Schnake Turnbo Frank
- Industry: Marketing, Public relations
- Founded: 1970
- Founder: Chuck Schnake
- Headquarters: Tulsa, Oklahoma, Oklahoma City, Oklahoma
- Key people: Russ Florence (CEO)
- Website: schnake.com

= Schnake Turnbo Frank =

Schnake Turnbo Frank is a public relations and leadership development firm with offices in Tulsa, Oklahoma and Oklahoma City, Oklahoma. Founded in 1970 in Tulsa by Charles Schnake, STF is the oldest public relations firm in Oklahoma. Steve Turnbo joined the firm in 1982, creating Schnake Turnbo & Associates. Schnake served as chairman emeritus until 2023, when he died at the age of 78.

== History ==
The firm was founded in 1970 by Chuck Schnake. Steve Turnbo joined the company in 1982.

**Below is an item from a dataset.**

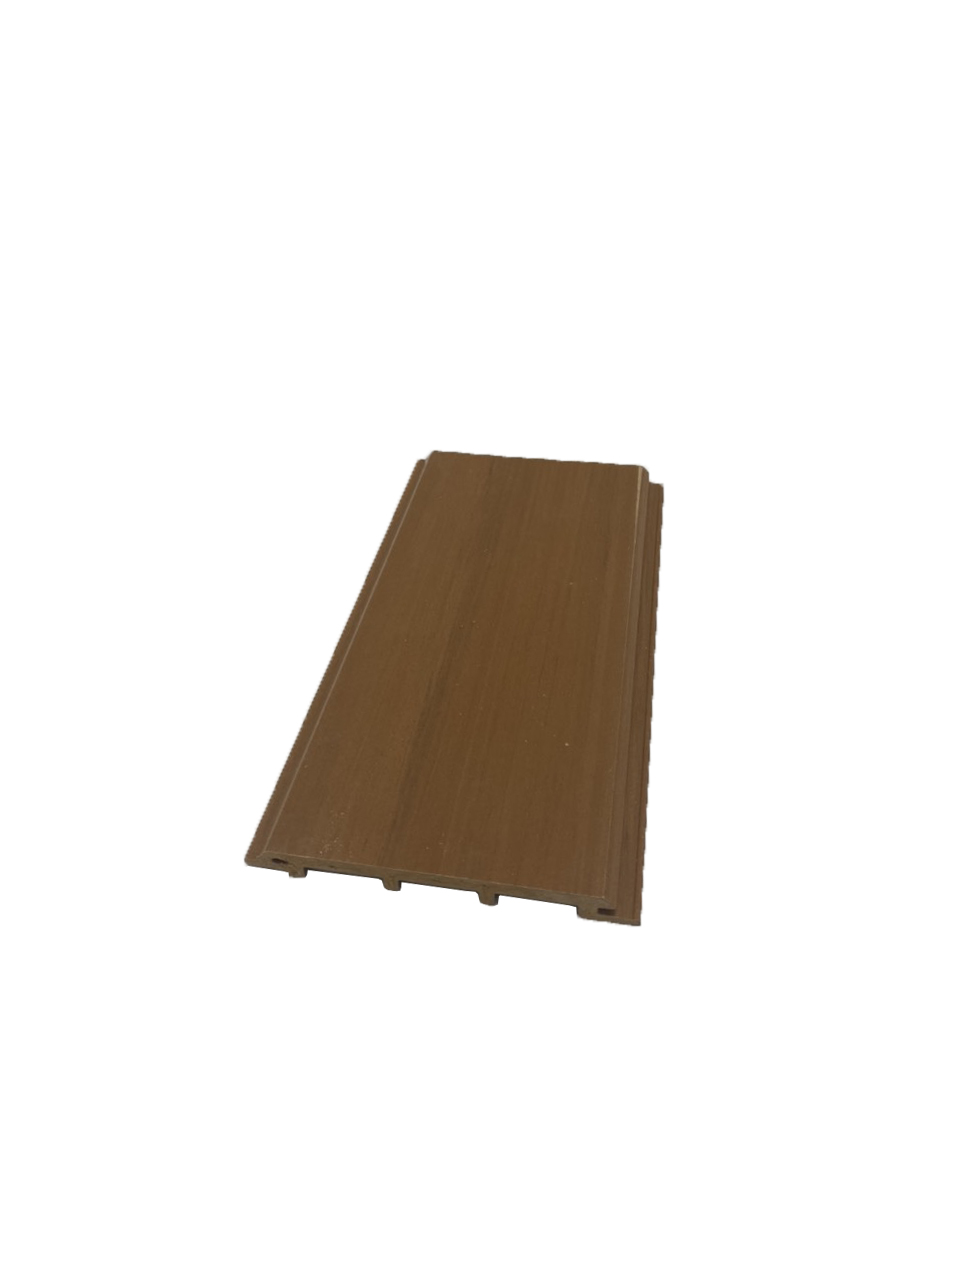 Tấm nhựa ốp tường giả gỗ ngoài trời giá rẻ tại Bình Dương MS04 có vân 3D (loại 2)

Becky J. Frank joined the firm as a partner in 2000 and was named CEO in 2006. She now serves as a Partner and Chair in the company. Russ Florence joined the firm in 2000 and has been a partner in the company since 2007. In 2022, Florence was named CEO.

In 2008, the firm expanded into Oklahoma City. In 2009, it was announced that Schnake Turnbo was acquired by Becky Frank and Russ Florence.

Aaron Fulkerson and David Wagner joined the firm in 2010 and now serve as partners.